We have a formal compensation application system where cases are reviewed, however claims can also be brought before the Civil Courts.

Each case is evaluated on its own merits, just as the original criminal conviction was also evaluated on its own merits, seems to me to be a sensible way to proceed.

http://www.cjsonline.gov.uk/the_cjs/how_it_works/wrongful_conviction/

But it isn’t the case that the gov’t cast an overly-wide net here. The standard is, and has always been, “guilty beyond a reasonable doubt”. What happened here is not that the gov’t cast too wide a net, but that an expert scientific witness who is supposed to be impartial simply lied for some perverse reason of his own.

In short, tghe fault lay not on the court or the trier of fact (dunno whether it was judge alone or jury), but with the guy who, for strange reasons of his own, set out to deliberately screw up the system. The “fault” on the gov’t is that it did not catch on to this guy sooner - but I assume he’s a very clever (if very evil) person, well able to fake the evidence necessary to cover up his wrong-doing.

I think that what both **left hand of dorkness ** and I meant is that it’s irrelevant if it’s the government/court fault or not.

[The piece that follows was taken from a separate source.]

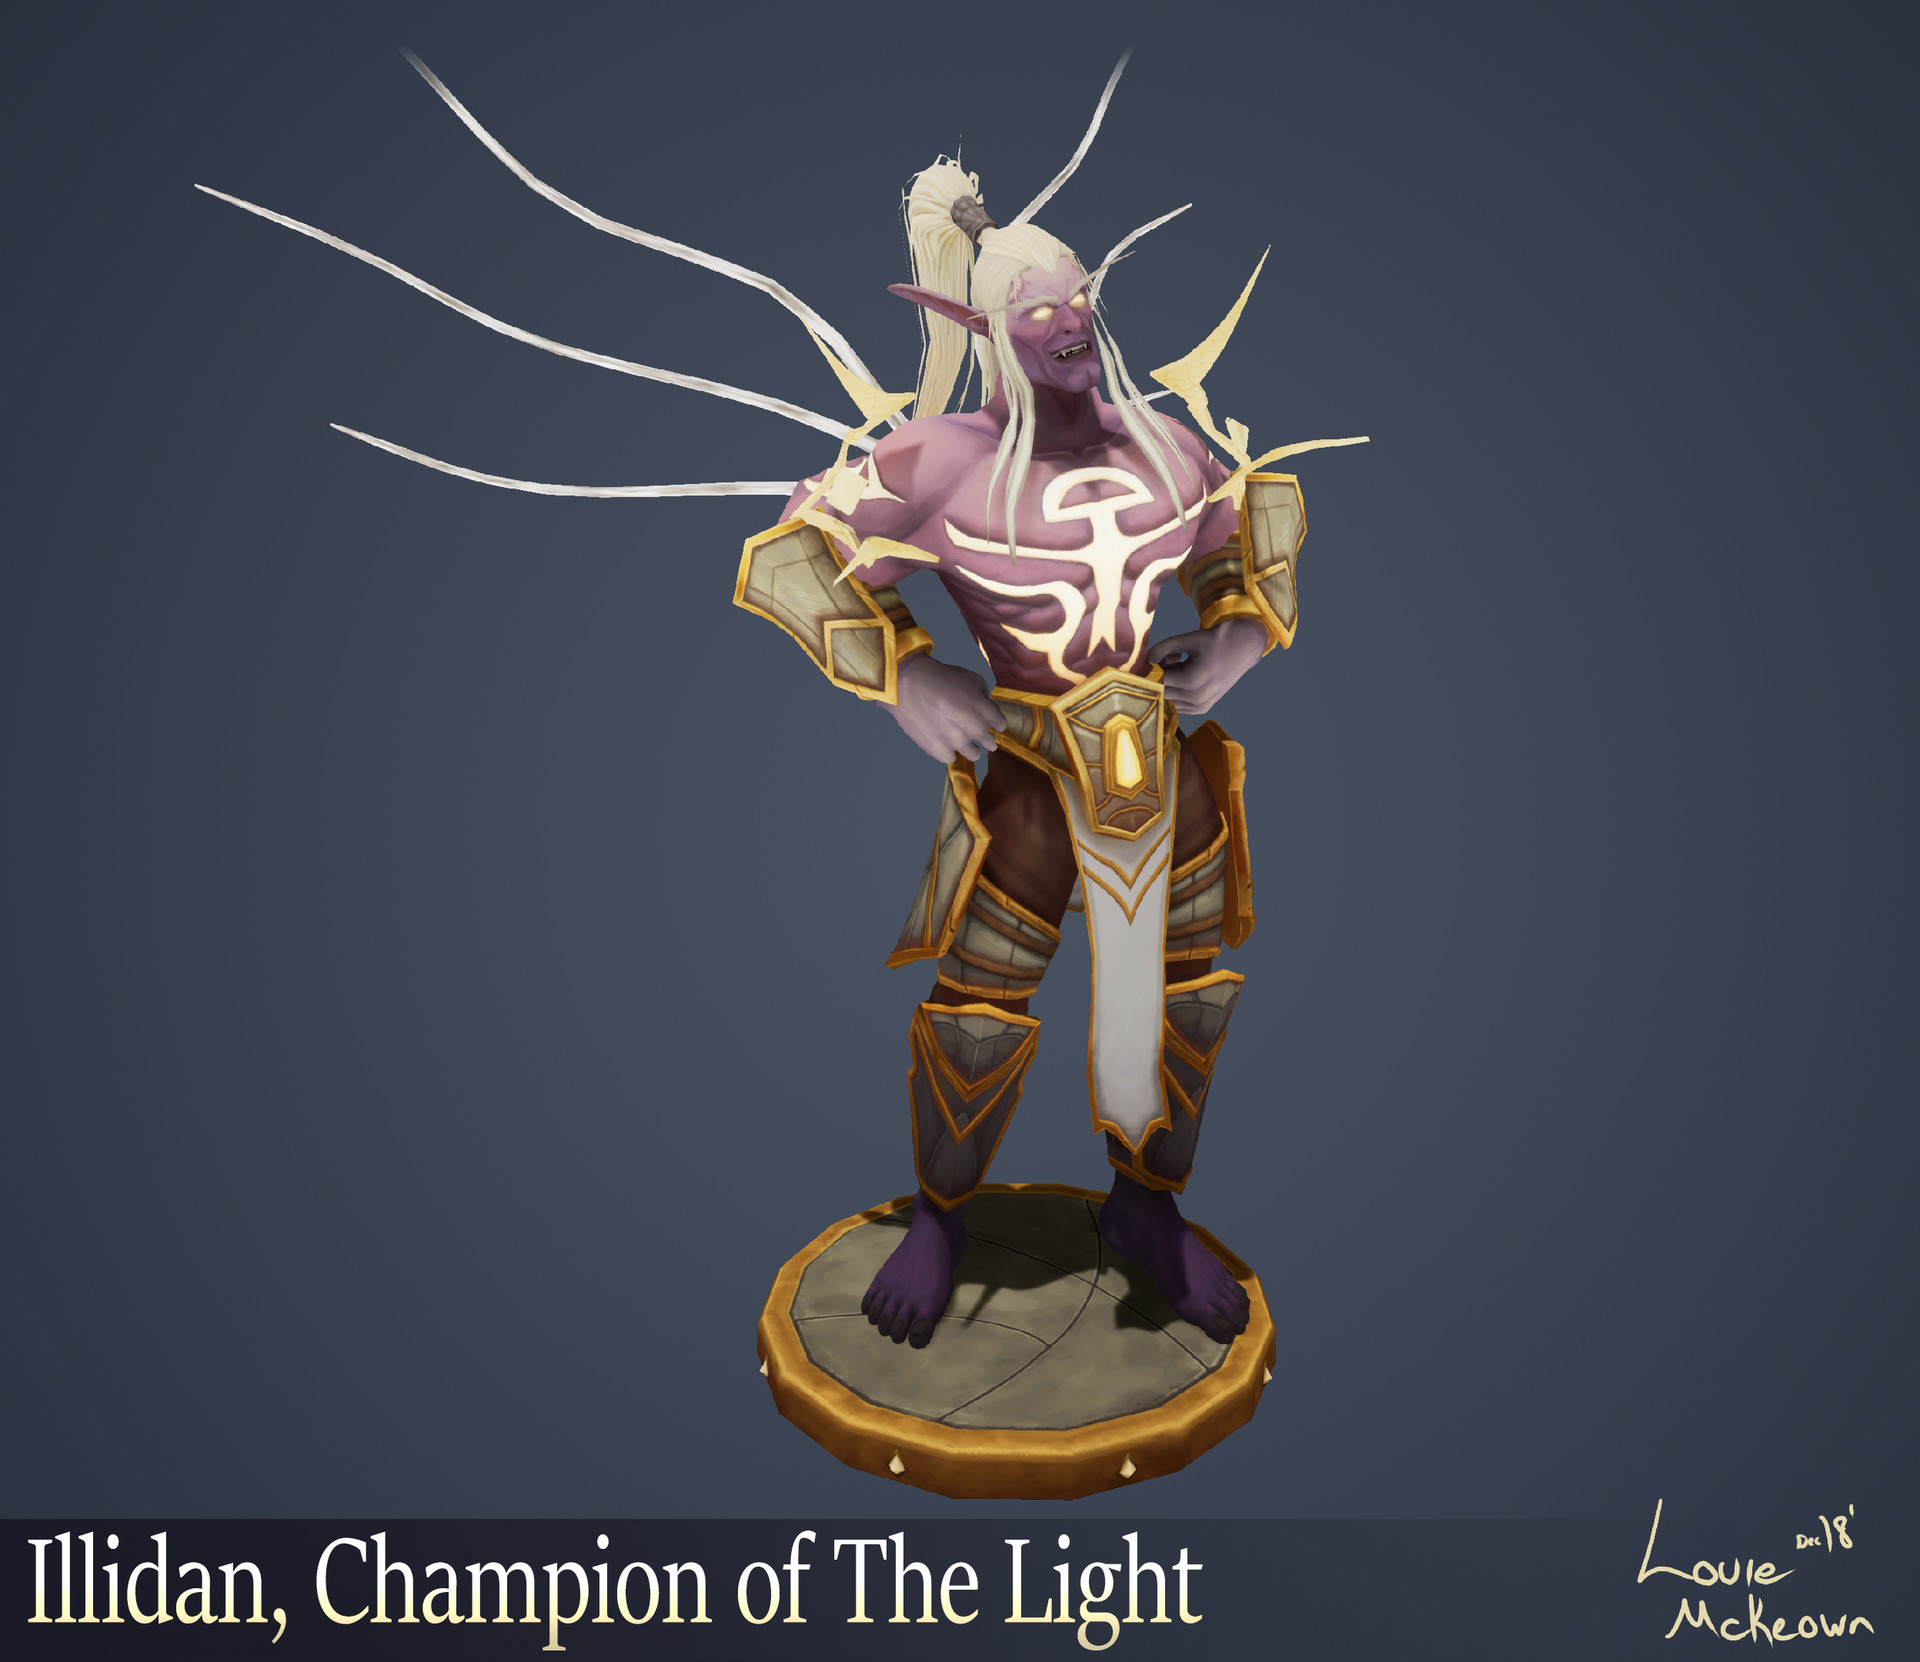 Louie McKeown - Illidan, Champion of Light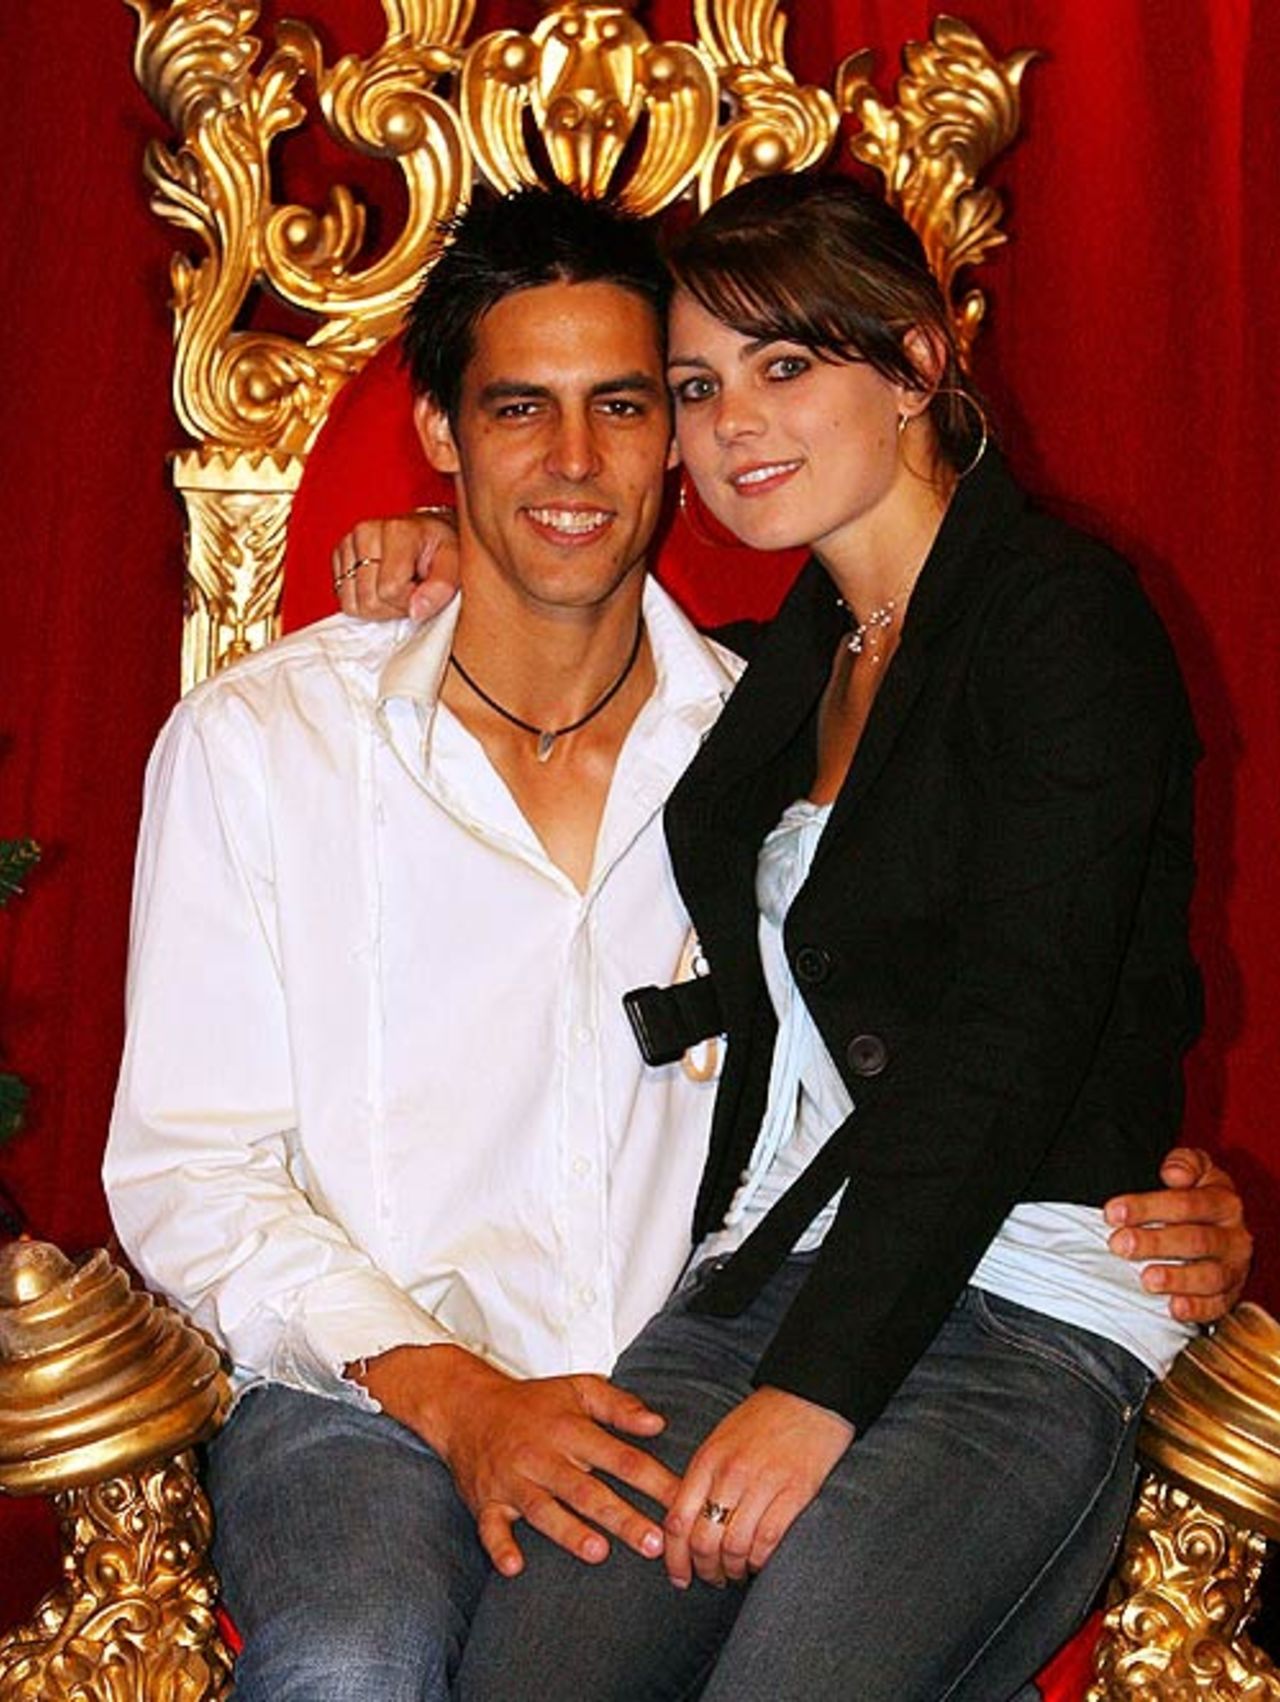 Mitchell Johnson with girlfriend Jessica Bratich, Melbourne, December 25, 2006

The idea is that we want a justice system to protect us against criminals, knowing perfectly that occasionally it will wreck havoc in some innocent people’s life. And so that we should be ready to properly indemnify those accidental victims of the system that generally keep us all safer.

If you disagree, you want the cost of this protection to fall only on the unlucky souls who draw the wrong number at this anti-lottery and were convicted and jailed despite being innocent. I believe that it’s much fairer to share the burden, and give them a generous indemnity for their hardships, even when it was really nobody’s fault, but just an unintended but unavoidable consequence of a system we all want and all benefit from.
Plus, you should keep in my mind that it’s probably often actually to some extent “somebody’s fault”. Maybe the prosecutor was a little too much trigger happy (though not to an unacceptable level), the police officers too lazy, the jurors too willing to have somebody convicted for the odious crime, the non-wealthy convict not adequately represented by his lawyer, or maybe there were more egregious and unacceptable mistakes made, that would still be difficult to prove in a court of law.
Giving some cents more in taxes to ease the life of the innocent guy who spent 20 years being the bars labelled as a child murderer doesn’t seem an excessive burden to me in the grand scheme of things, and certainly seems more just.
It vaguely reminds me of this short story where someone has to suffer horribly for the whole village to be happy. In this case it wouldn’t be difficult to somewhat alleviate the suffering by being willing to send some money the way of the wrongfully sentenced man, without the difficult and in probably in many cases pointless process of investigating whether or not it was someone’s fault, and whose fault exactly.